I’m not sure there’s such a thing as “perfect compliance.” I know of no way to ensure that “a single instance of noncompliance should not be allowed to happen.” And, I don’t think that’s necessary for current models or even very near term future models. I think the idea here is that we setup a standard regulatory process in advance of AI models that might be capable enough to kill everyone and shape the development of the next sets of frontier models. I do think there’s certainly a criticism here that naming and shaming, for example, is not a sufficiently punitive tool, but may have more impact on leading AI labs that one might assume.
I hope this helps clear up some of your confusion here. To recap: I think your criticism that the tools are not ambitious is fair. I don’t think that was our goal. I saw this project as a way of providing tools for which there is broad agreement and that given the current state of AI models we believe would help steer AI development and deployment in a better direction. I do think that another reading of this paper is that it’s quite significant that this group agreed on the recommendations that are made. I consider it progress in the discussion of how to effectively govern increasingly power AI models, but it’s not the last word either. :)
Thanks again for sharing and for providing you feedback on these very important questions of governance.
Thanks for your reply. In brief response to your more specific points:
On government oversight, I think you’re referring to the quote “providing a regulator the power to oversee model development could also promote regulatory visibility, thus allowing regulations to adapt more quickly.” But the paper doesn’t seem to mention the direct benefit of oversight: verifying compliance and enforcing the rules.
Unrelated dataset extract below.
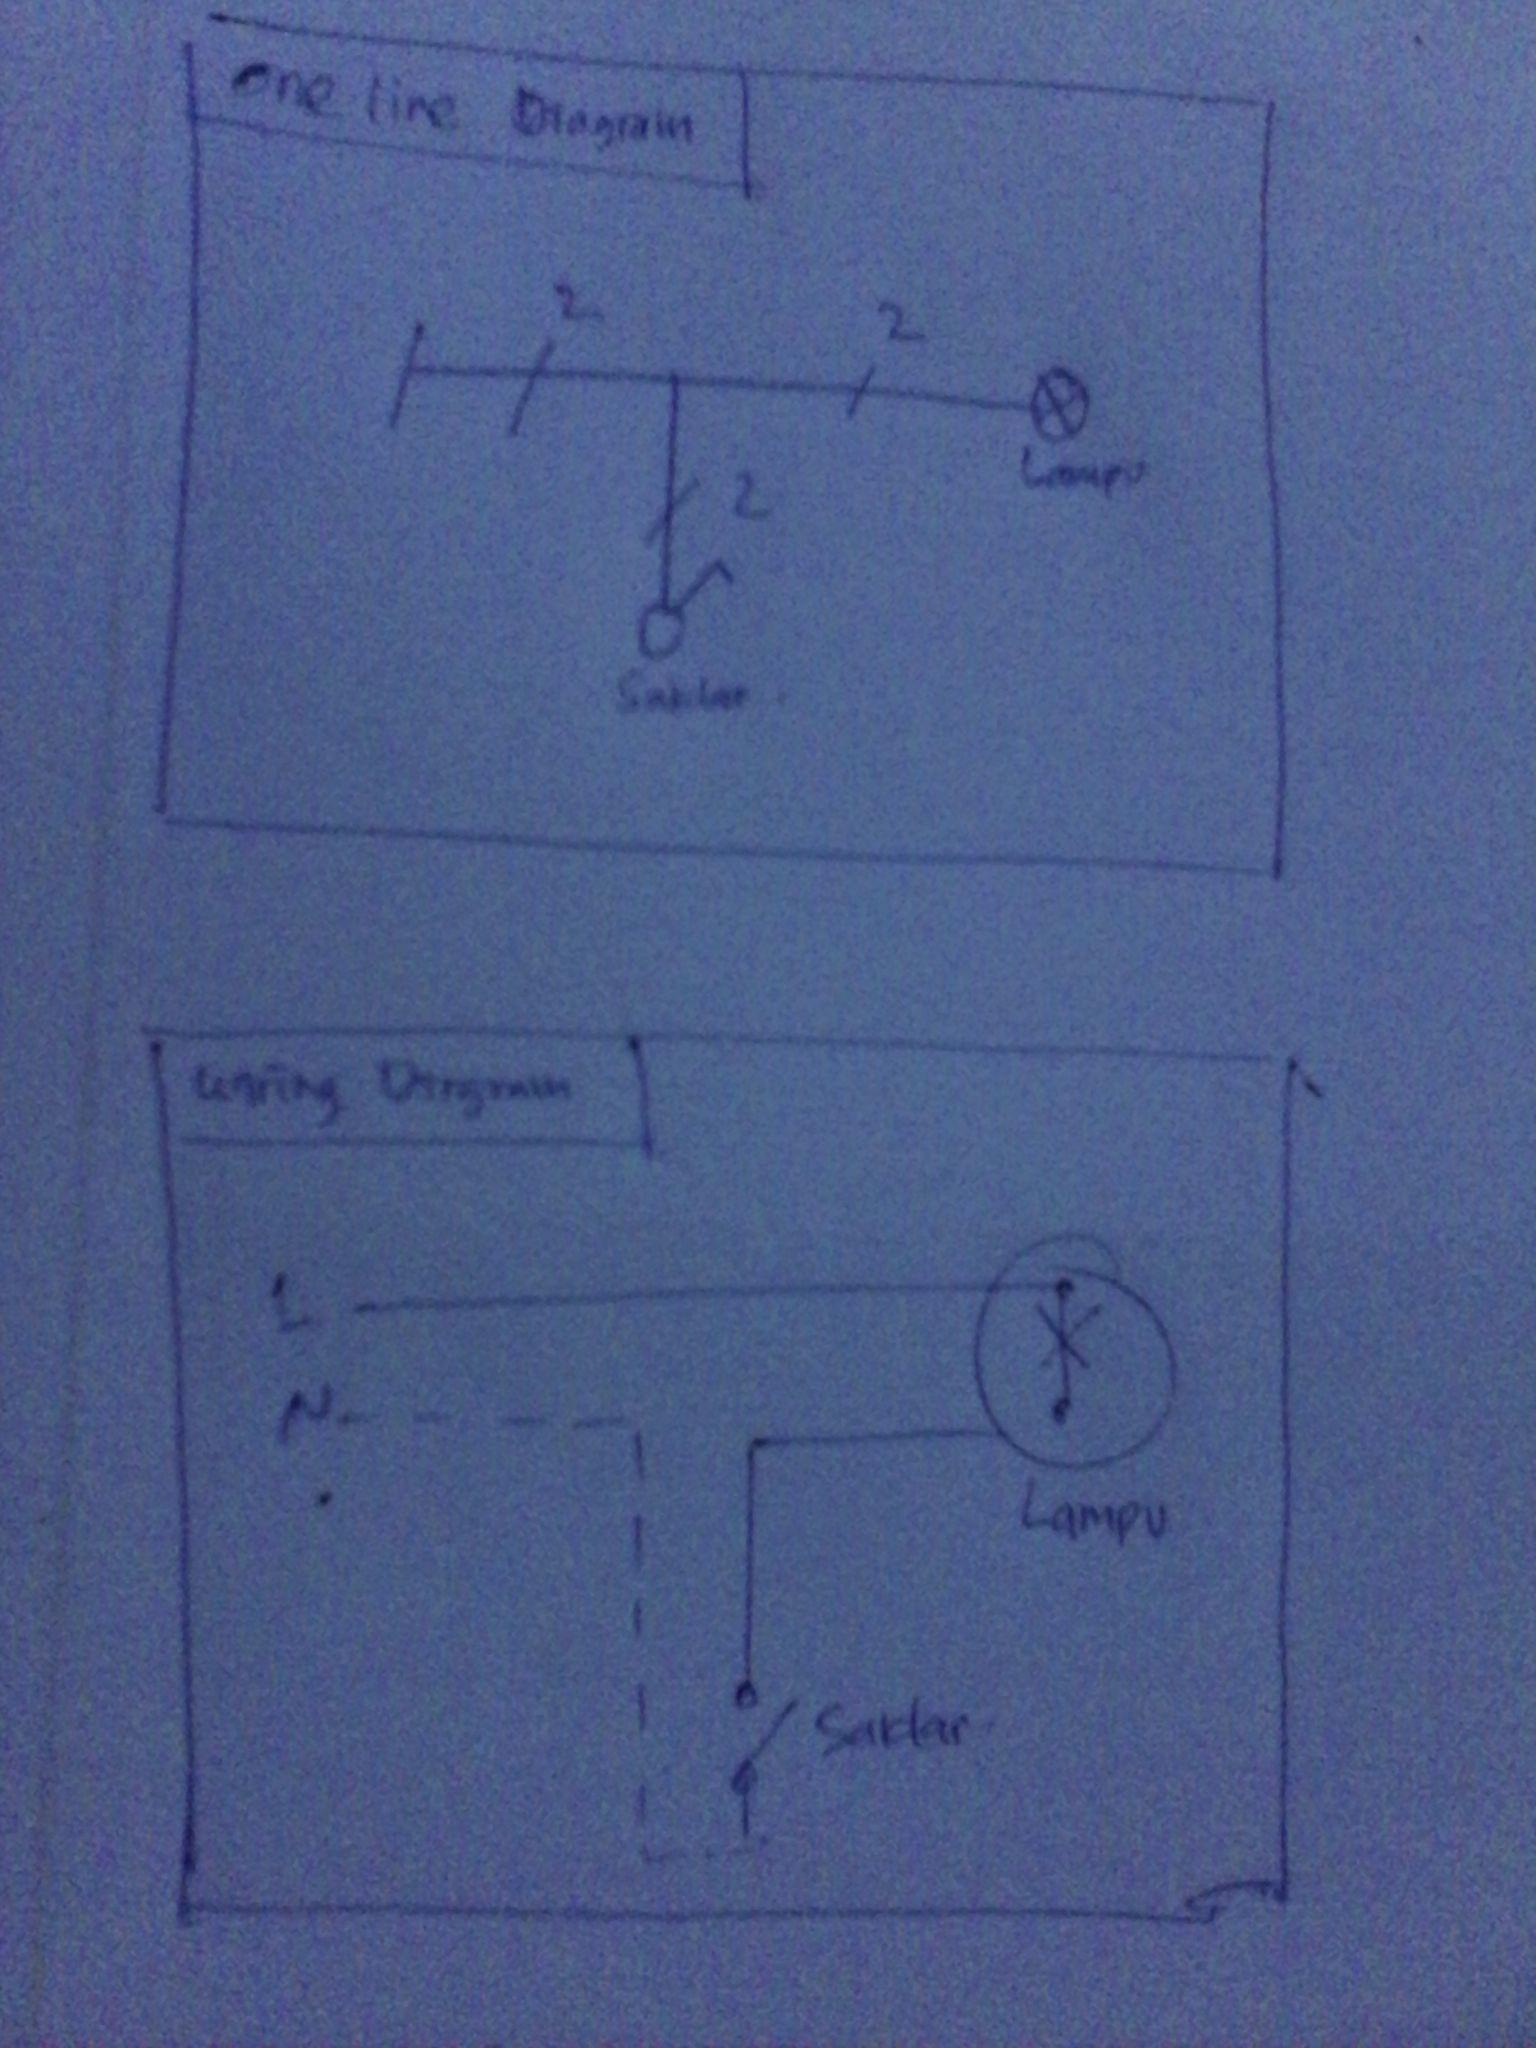 [GJFJ_338]  A094 Penerangan Gambar Single Line Wiring Diagram | Wiring Resources | Penerangan Gambar Single Line Wiring Diagram |  | Wiring Resources

Good oversight would result in licensing not being a one-time thing but rather that labs could lose their licenses during a training run if they were noncompliant. (In my community ‘oversight of training runs’ means government auditors verifying compliance and the government stopping noncompliant runs; maybe it means something weaker outside my community.)
I agree that “perfect compliance” is hard but stand by my disappointment in the “particularly egregious instances” passage as not aiming high enough,
Edit: also I get that finding consensus is hard but after reading the consensus-y-but-ambitious Towards Best Practices in AGI Safety and Governance and Model evaluation for extreme risks I was expecting consensus on something stronger.
Thanks for the response! I appreciate the clarification on both point 1 and 2 above. I think they’re fair criticisms. Thanks for pointing them out.